Cambrian Genomics
- Industry: Biotechnology
- Founded: San Francisco, United States (2011)
- Founder: Austen Heinz
- Headquarters: San Francisco
- Website: cambriangenomics.com

= Cambrian Genomics =

American biotechnology company

Cambrian Genomics was a biotechnology company based in San Francisco which used a laser-based technique to synthesize DNA. Cambrian Genomics produced genetic material for a 2013 effort to produce genetically modified glowing plants for sale to the public. A Kickstarter campaign raised $500,000 for the Glowing Plant project.

Cambrian Genomics maintained that it could make any life form by laser printing DNA. It was able to print DNA for companies such as Roche, GlaxoSmithKline, and Thermo Fisher Scientific. The company received investments from investors such as Peter Thiel, Bre Pettis from Makerbot, Bryan Johnson from Braintree, Jeff Hammerbacher from Cloudera, Carl Bass and Jeff Kowalski of Autodesk, Dave Friedberg from Climate Corporation, and VC firms. It later promoted that its customers can design new creatures by modifying the genetic codes of plants and animals using a computer.

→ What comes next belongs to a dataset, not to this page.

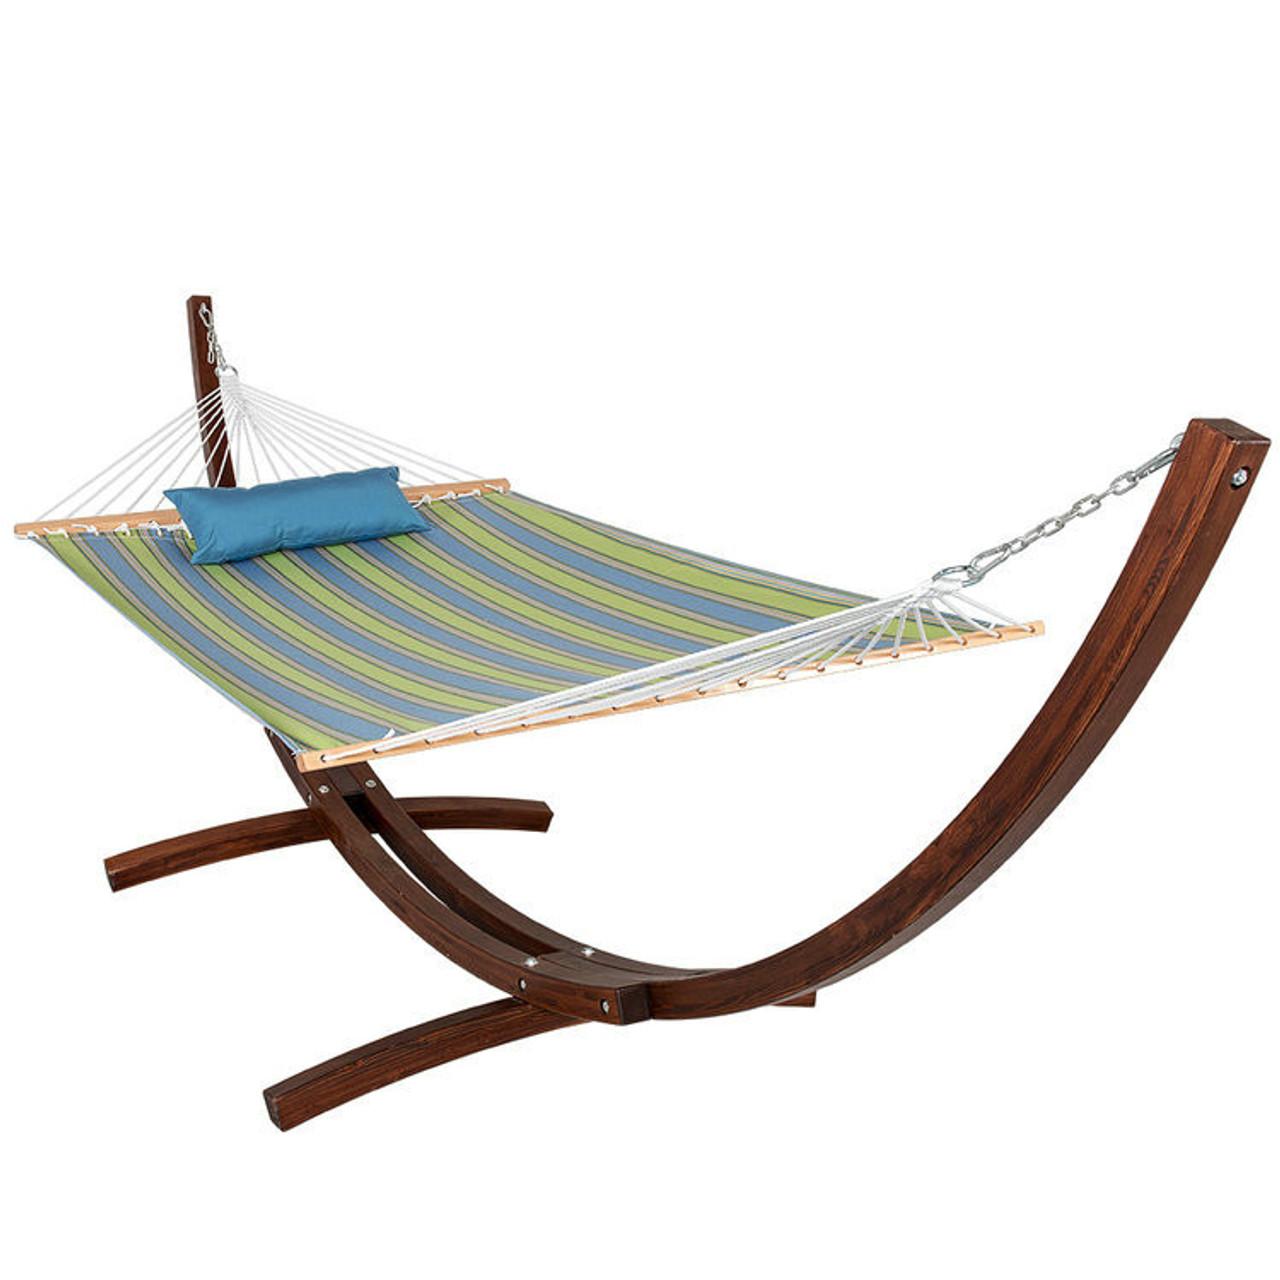 sunbrella fabric hammock pillow and 12 feet wood arc stand backyard  bo set 12 ft  wood arc hammock stand with 2 person double layer polyester      rh   sundaleoutdoor

In 2014, Cambrian Genomics raised a $10 million round of funding intended for printing DNA for customers in the industrial chemical and agricultural industries.

The company's founder, Austen Heinz, committed suicide at the age of 31 on May 24, 2015.

The company encountered difficulties getting plants to emit significant amounts of light, and announced via email in December 2017 that it had exhausted other money-earning bioluminescence ideas and was ceasing operations.

Cambrian Genomics used commercially available genome sequencers, as well as a sequencer built by Heinz. The sequencer allowed them to recover the underlying DNA rather than destroying it in the sequencing process. The company then used laser-pulse catapulting to eject copies of DNA. Clients could use polymerase chain reaction to copy that new synthetic DNA and insert it into cells.